TOUCAN: Synthesizing 1.5M Tool-Agentic Data from Real-World MCP Environments

📝 Paper Summary

Tool-use post-training Synthetic data generation

Toucan synthesizes a massive dataset of 1.5 million agent trajectories by interacting with nearly 500 real-world Model Context Protocol servers to train LLMs in complex, multi-turn tool use.

Core Problem

Open-source tool-agent development is hindered by a lack of high-quality, permissively licensed training data that captures the complexity of real-world tool interactions.

Why it matters:

Existing datasets lack tool diversity, authentic tool responses, or multi-turn complexity, limiting agent capability in production environments
Current approaches often rely on simulated toolsets or simple single-turn interactions, failing to prepare agents for edge cases and failures

Concrete Example: Previous datasets might simulate a weather API call with a hallucinated JSON response. Toucan connects to a real Weather MCP server, executes the actual tool, captures the real API output (including errors), and generates a trajectory based on that ground truth.

Key Novelty

Toucan Dataset & Pipeline

Leverages the Model Context Protocol (MCP) to standardize connections to diverse real-world tools (filesystems, databases, APIs) rather than custom implementations
Uses a 'self-simulation' pipeline where teacher models generate tasks based on real MCP specs, execute them against live servers, and filter results based on execution success
Introduces extension mechanisms for 'irrelevance' (rejecting unsolvable queries) and multi-turn dialogue to simulate realistic user-agent interactions

Architecture

The complete Toucan data construction pipeline from MCP server onboarding to final trajectory filtering and extensions.

Evaluation Highlights

Toucan-tuned models achieve state-of-the-art performance on the MCP-Universe benchmark, consistently outperforming leading models of comparable size
Outperforms larger closed-source models on BFCL V3 benchmark in function calling accuracy across single and multi-turn scenarios
Demonstrates substantial improvements on τ-Bench and τ²-Bench in tool selection, execution fidelity, and multi-turn reasoning

Breakthrough Assessment

8/10

Significantly scales up open-source agent training data using real-world protocols (MCP) rather than simulations. The reliance on live execution for ground truth is a strong differentiator.

⚙️ Technical Details

Problem Definition

Setting: Supervised fine-tuning of LLMs for agentic tool use (function calling and reasoning)
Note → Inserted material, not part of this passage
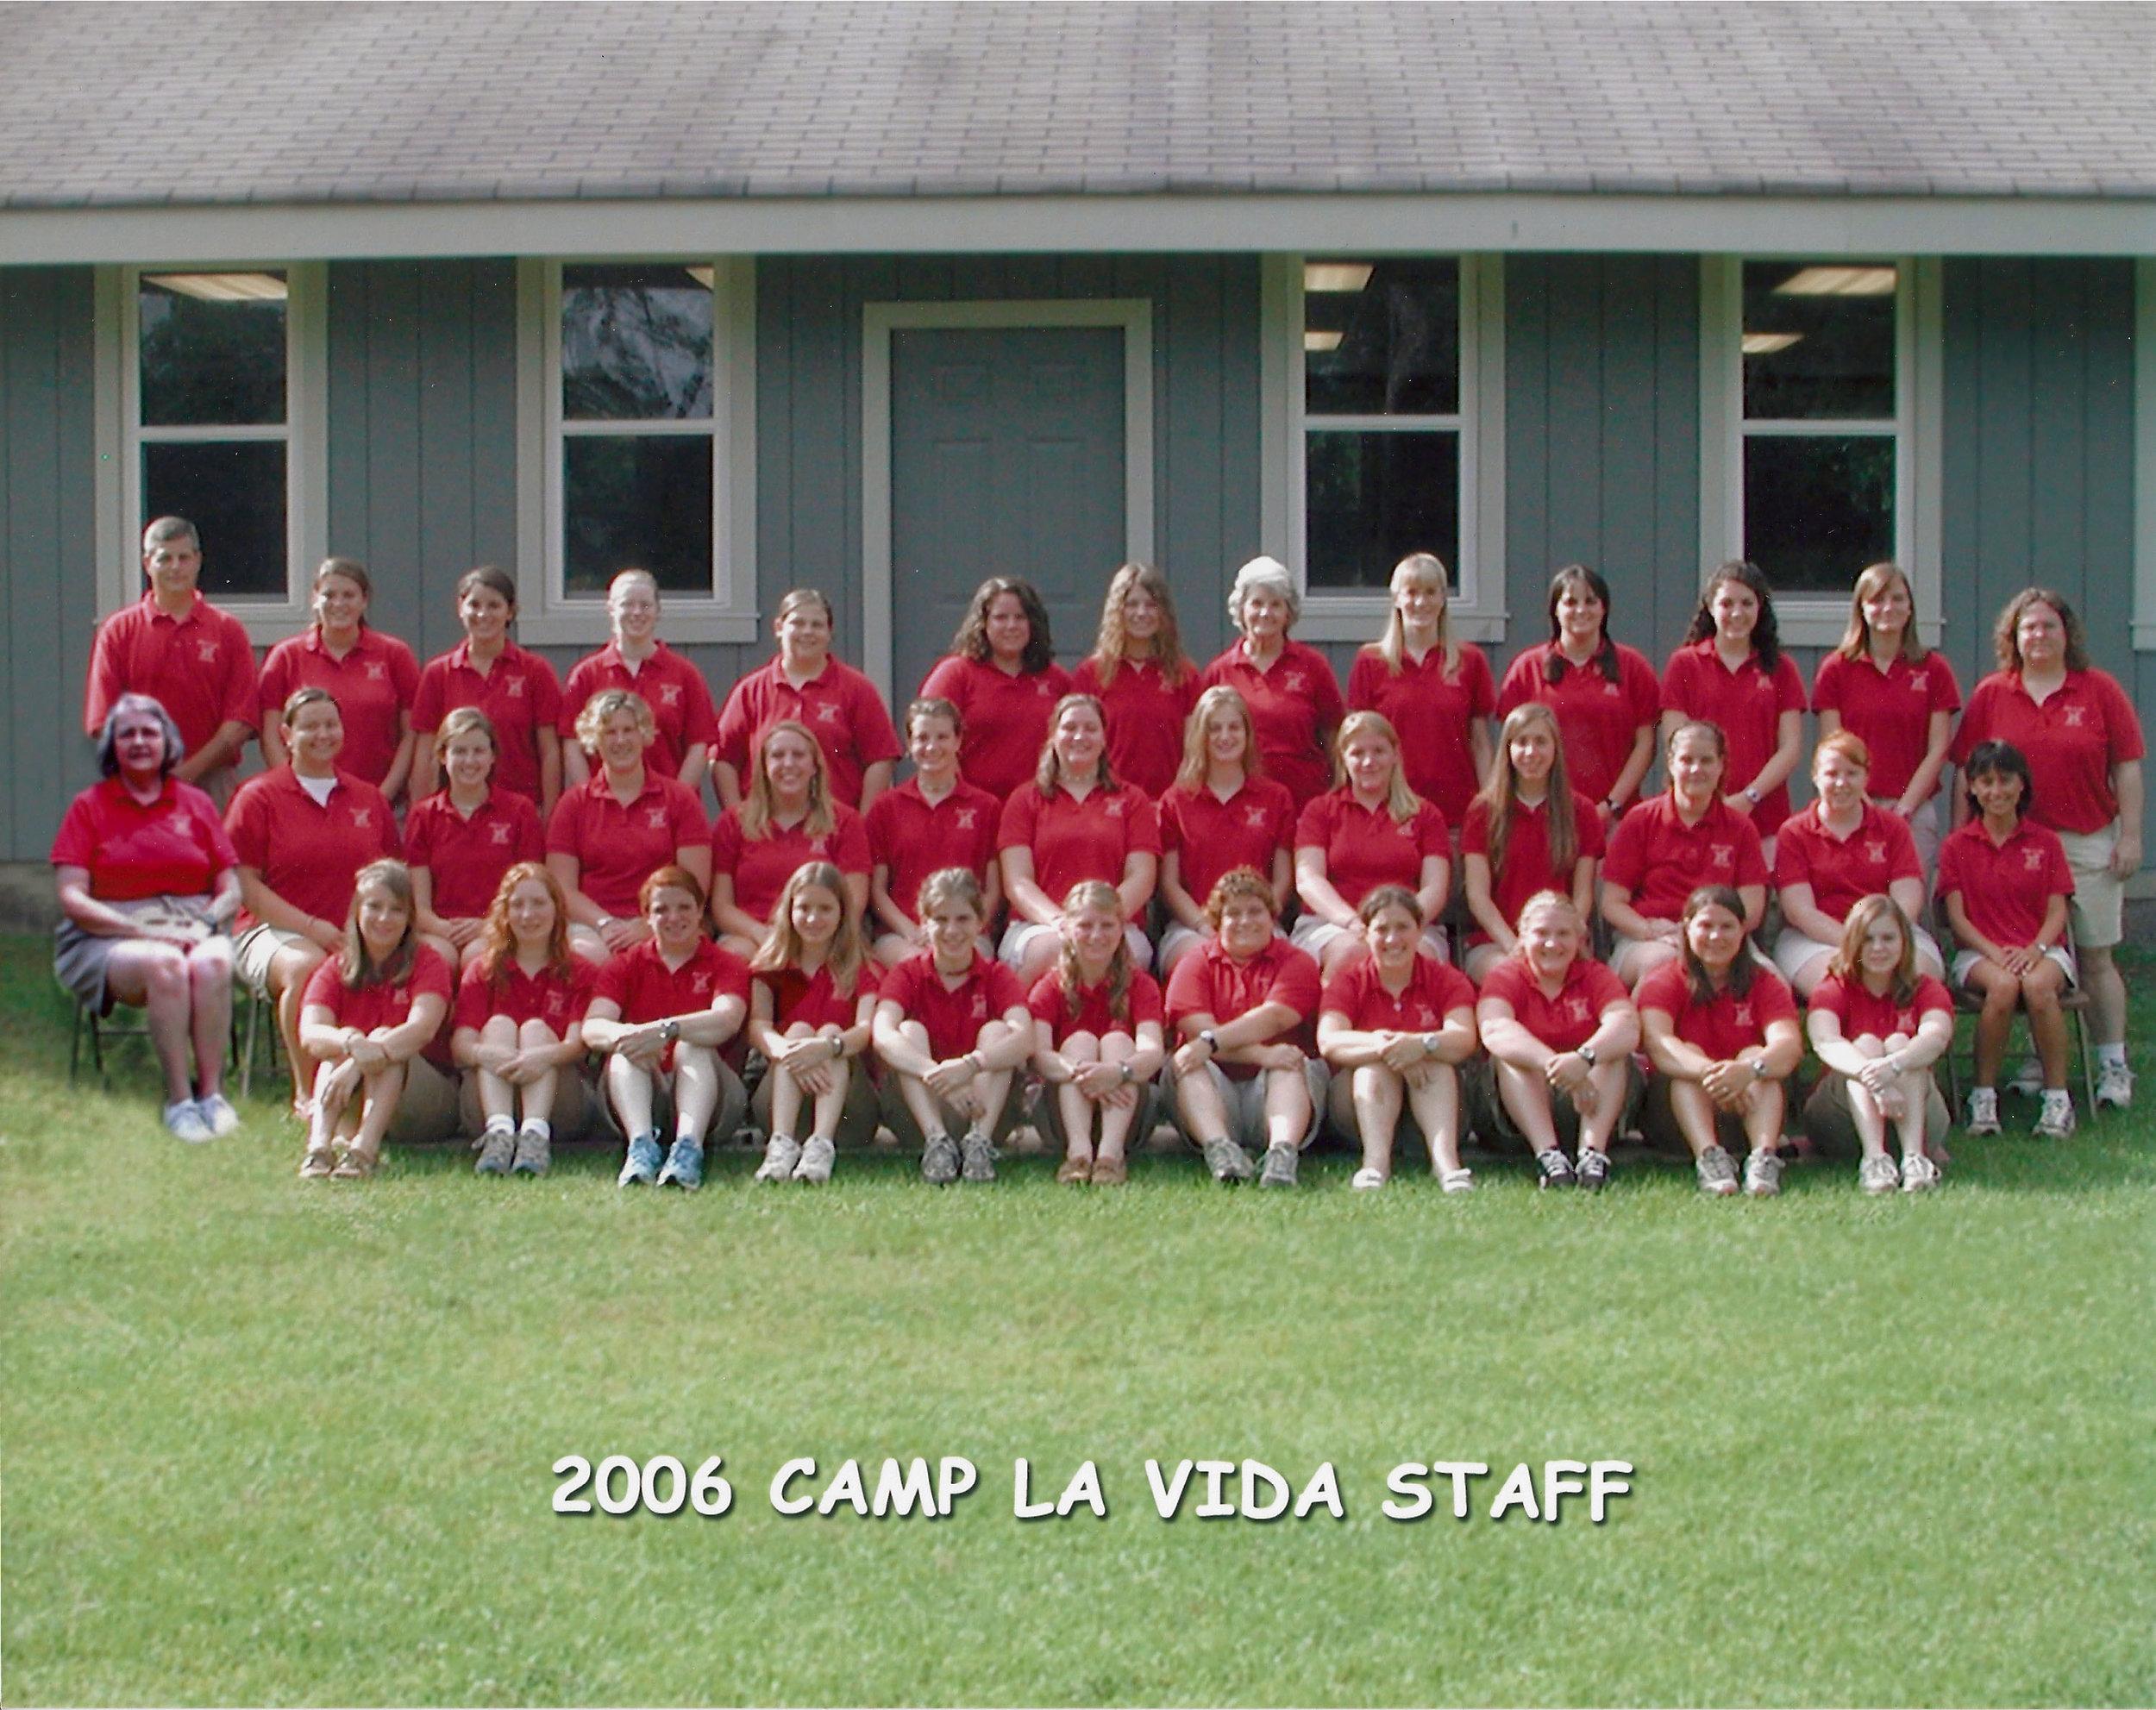 CLV staff 2006.jpg

Inputs: User query plus a set of available tools defined by MCP specifications

Outputs: A trajectory of thought (reasoning), tool calls, and final response

Pipeline Flow

MCP Server Onboarding (Filter & Test)
Task Synthesis (Generate Questions)
Task Filtering (Quality Check)
Trajectory Generation (Agent Execution)
Post-Filtering (Validation)

System Modules

MCP Server Onboarding

Filter raw MCP servers for streamable HTTP support and no-auth requirements; validate with test questions

Model or implementation: None (Rule-based + Test Execution)
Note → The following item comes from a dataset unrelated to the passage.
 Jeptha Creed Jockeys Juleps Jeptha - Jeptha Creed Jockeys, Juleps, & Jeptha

Task Synthesis (Generation)

Generate diverse user queries (tasks) based on server capabilities (Single, Multi, and Featured strategies)
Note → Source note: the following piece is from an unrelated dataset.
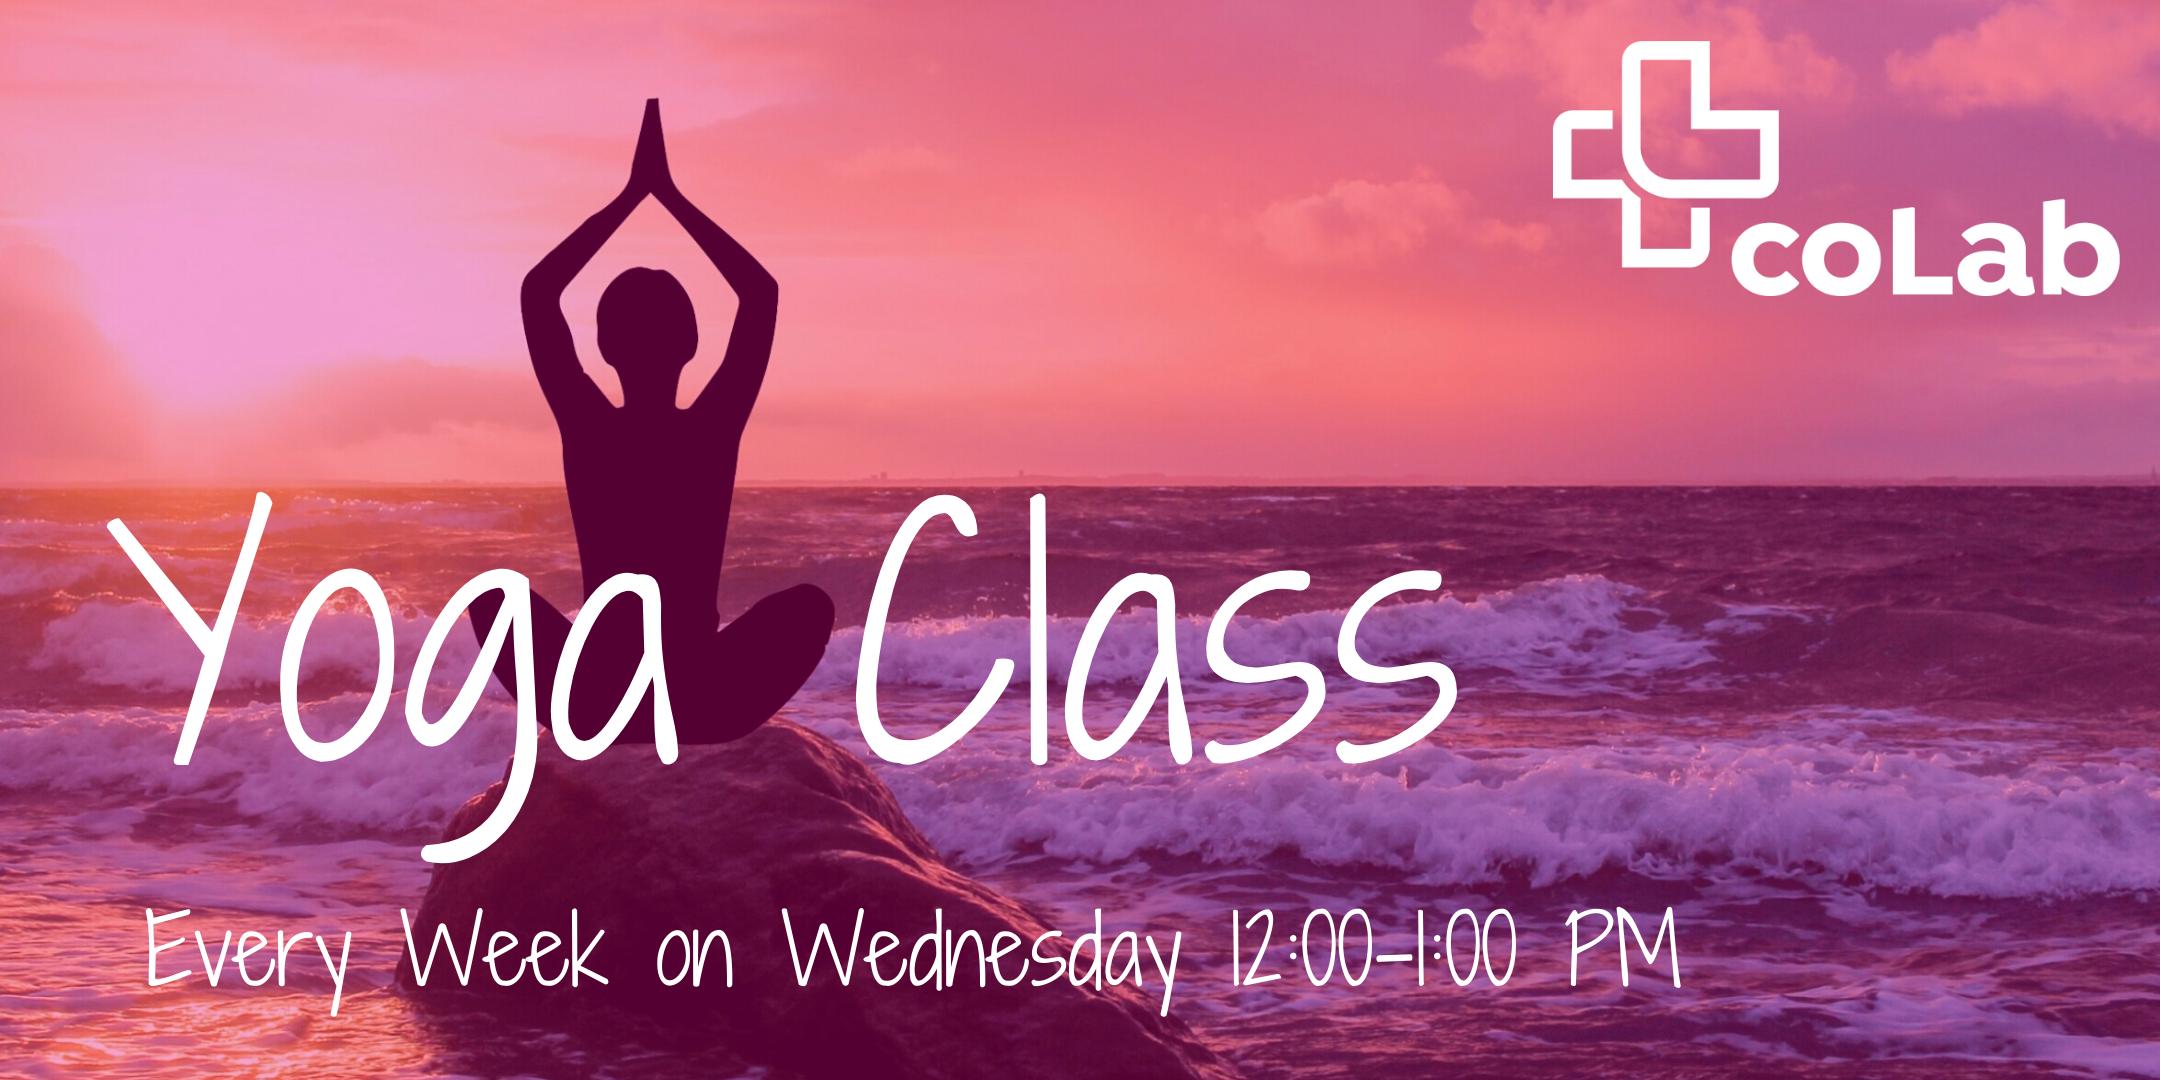 coLab Yoga Class

Model or implementation: Mistral-Small, DevStral-Small, GPT-OSS, Kimi-K2, Qwen3-32B

Task Filtering (Filtering)

Annotate and filter tasks based on difficulty, realism, and clarity

Model or implementation: Kimi-K2 (selected for correlation/cost balance)

Trajectory Generation (Generation)

Execute tasks using teacher agents against live MCP servers to record full interaction traces

Model or implementation: GPT-OSS-120B, Kimi-K2, Qwen3-32B (via Qwen-agent and OpenAI-agent frameworks)

Post-Filtering (Filtering)

Validate tool execution success, sequence correctness, and answer quality

Model or implementation: Rule-based scripts + GPT-OSS-120B (Judge)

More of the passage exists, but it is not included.